BEGIN
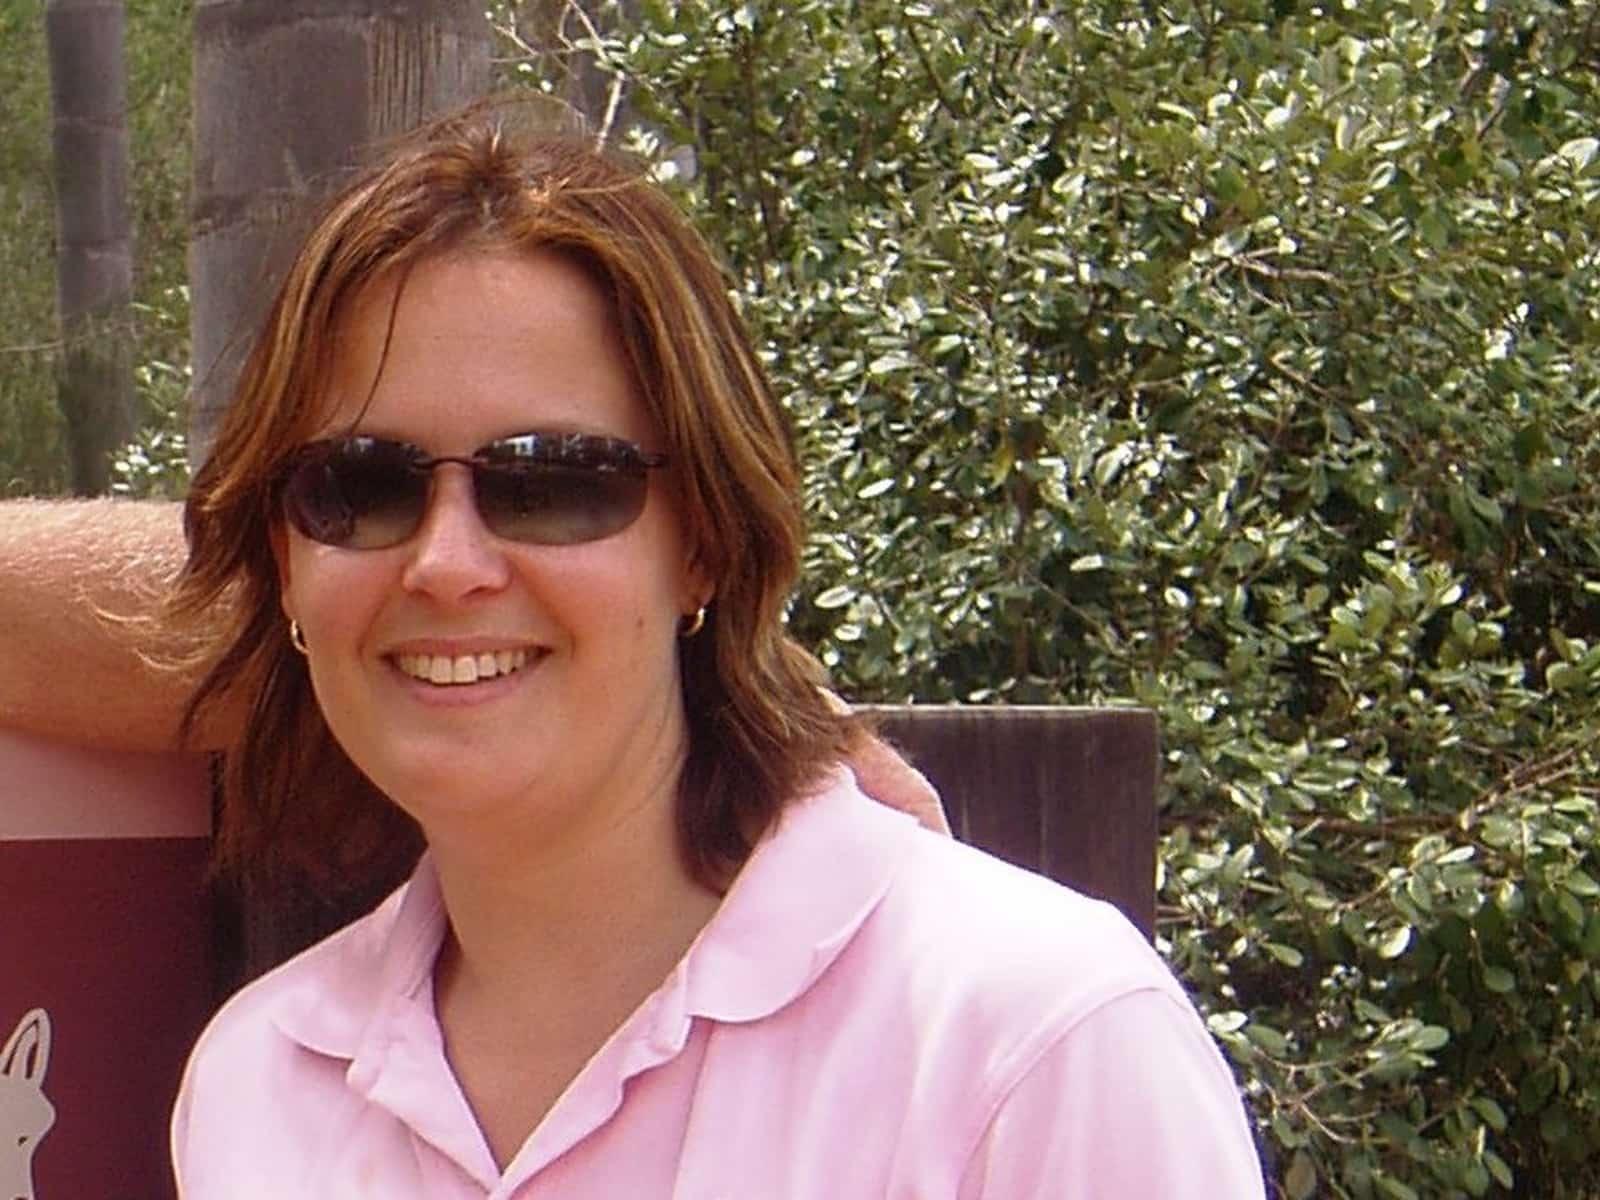 Kate from Singleton, New South Wales, Australia
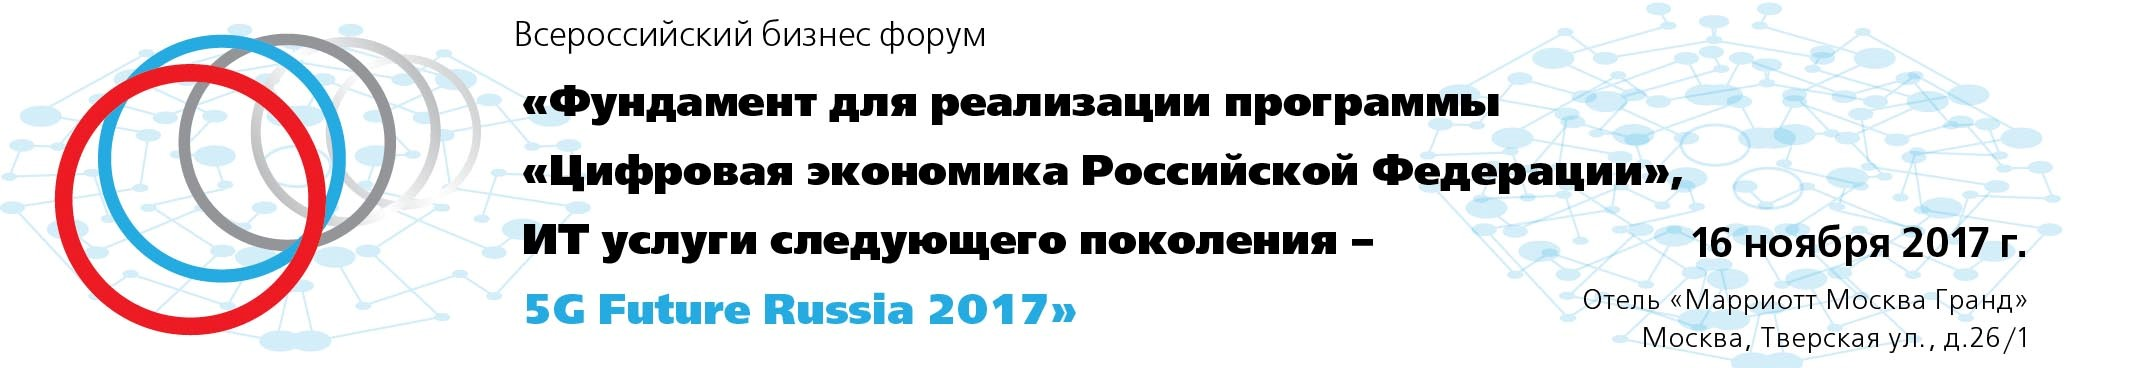 Бизнес-форум «Фундамент для реализации программы «Цифровая экономика РФ – 5G Future Russia 2017»
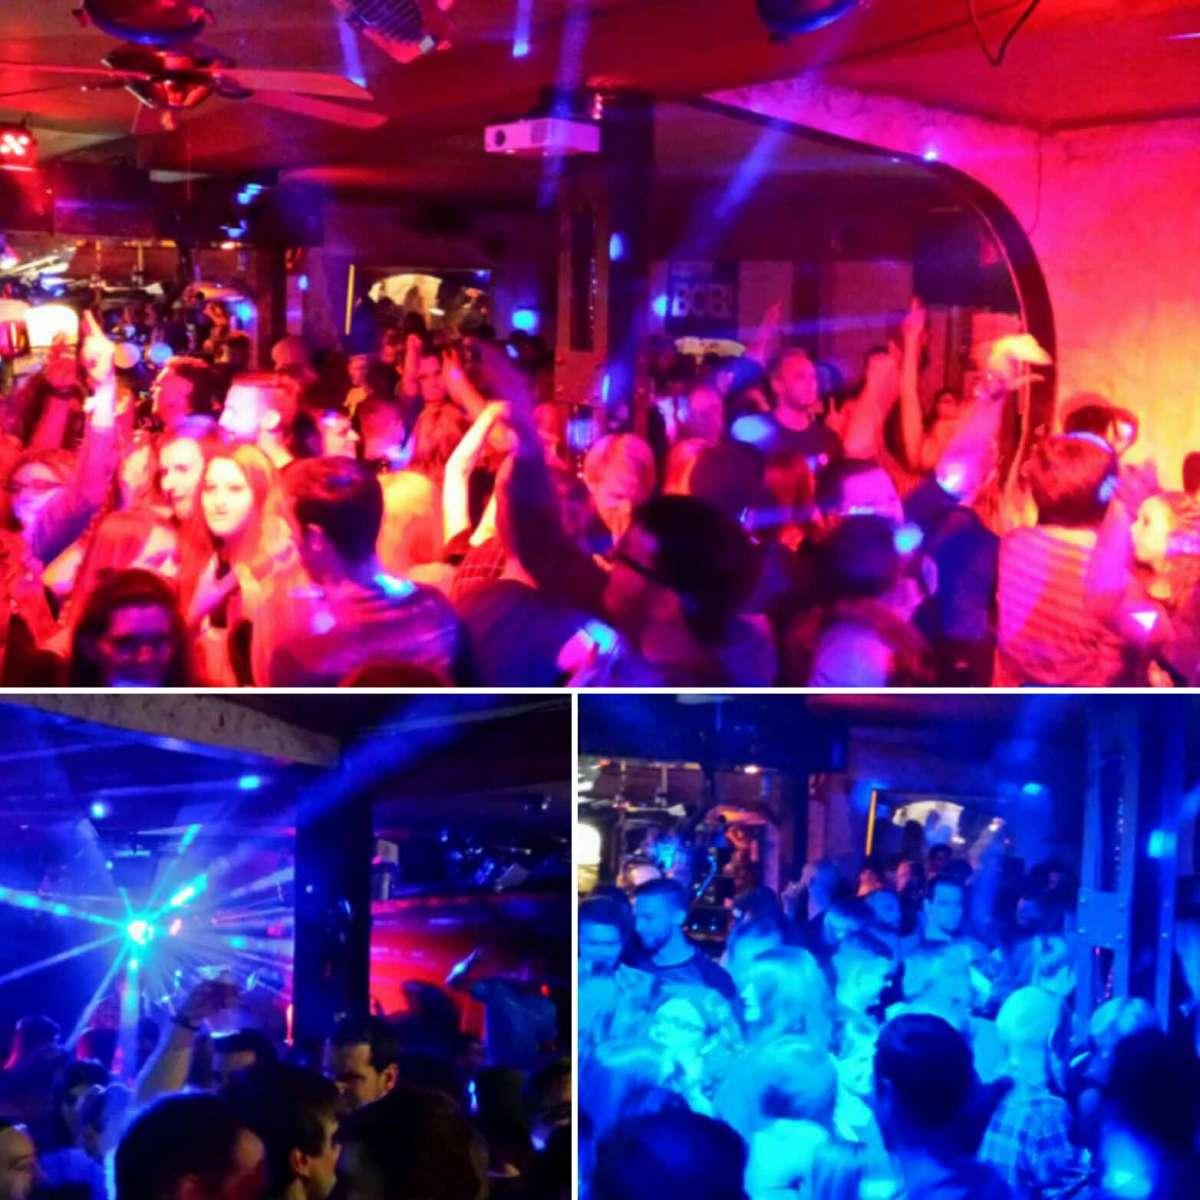 ABGESAGT! - Select Party #62 - DJ '59 Sound - Fiasko - Kassel
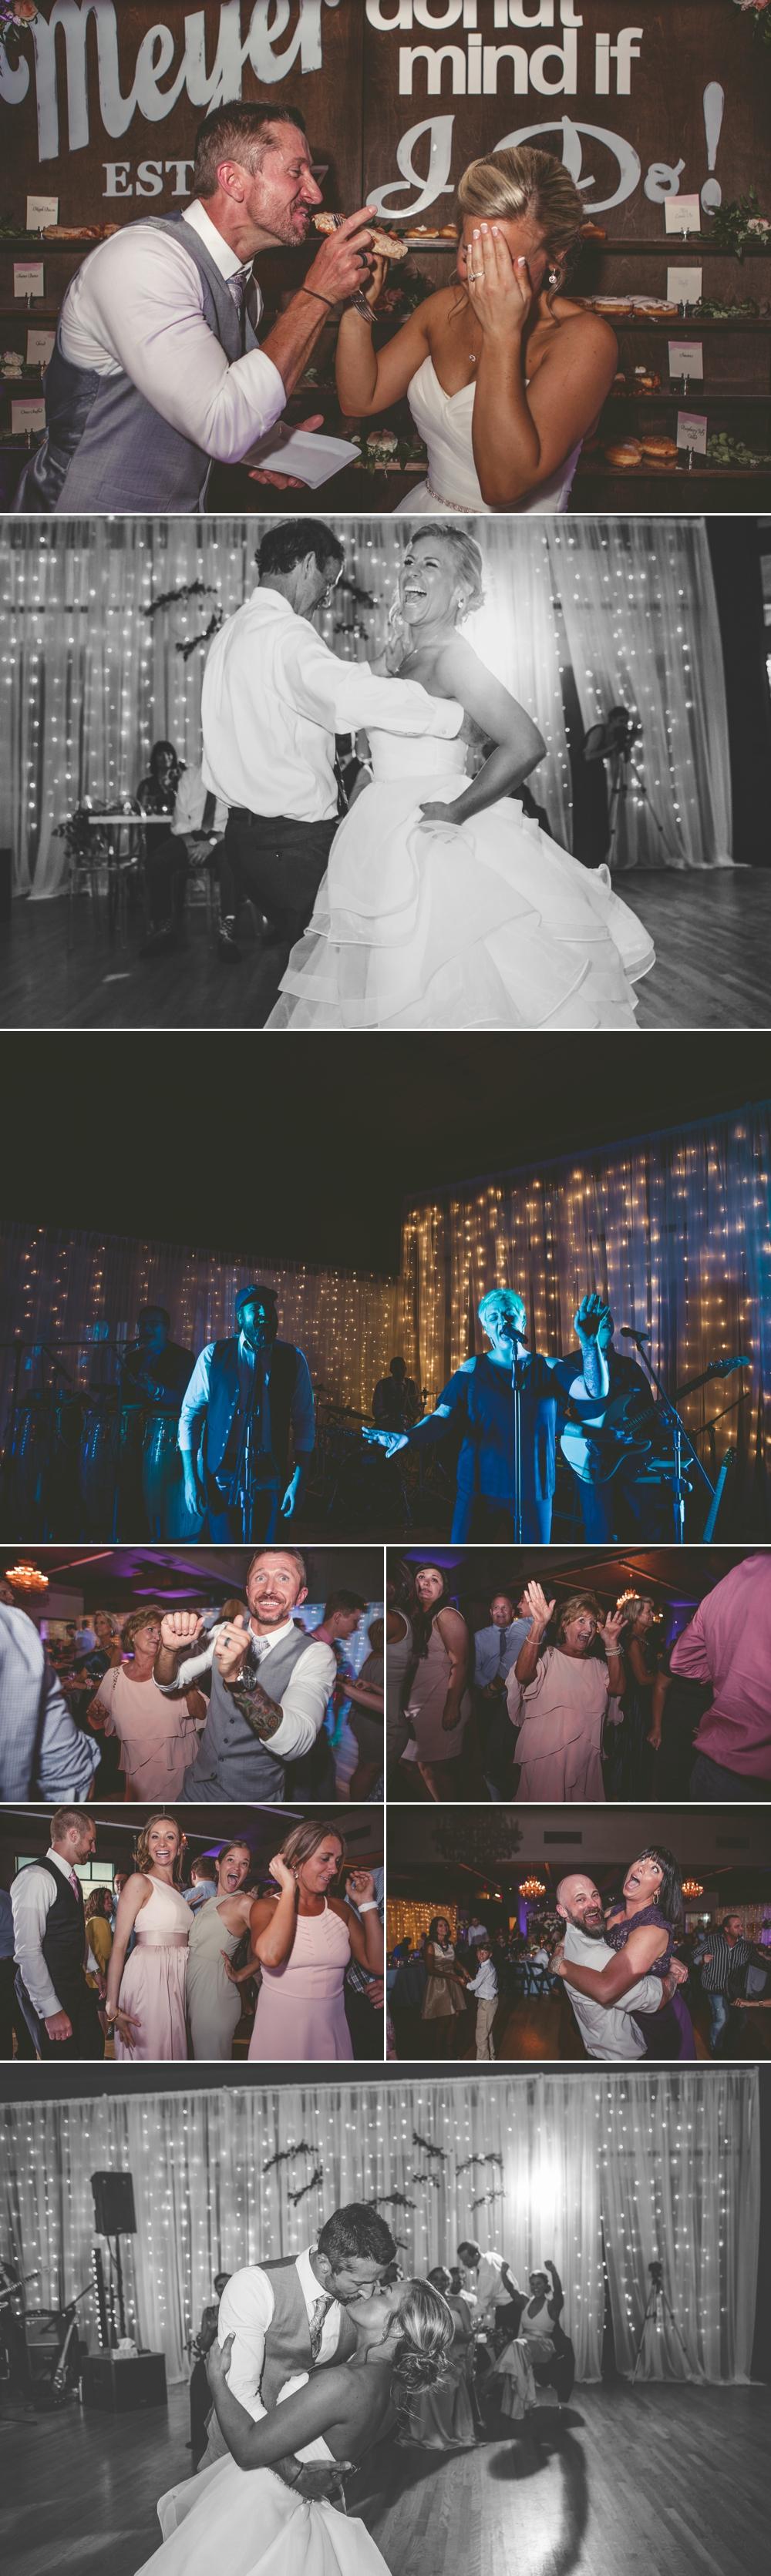 jason_domingues_photography_best_kansas_city_photographer_kc_weddings_melange_dance_mission_ks0004
END
*Task description:*
From the line containing "для реализации программы" through the last line of the data above, write out every line word for word, and nothing else. Do not include the pictures.

*Reply to the exercise:*
 Бизнес-форум «Фундамент для реализации программы «Цифровая экономика РФ – 5G Future Russia 2017»
 ABGESAGT! - Select Party #62 - DJ '59 Sound - Fiasko - Kassel
 jason_domingues_photography_best_kansas_city_photographer_kc_weddings_melange_dance_mission_ks0004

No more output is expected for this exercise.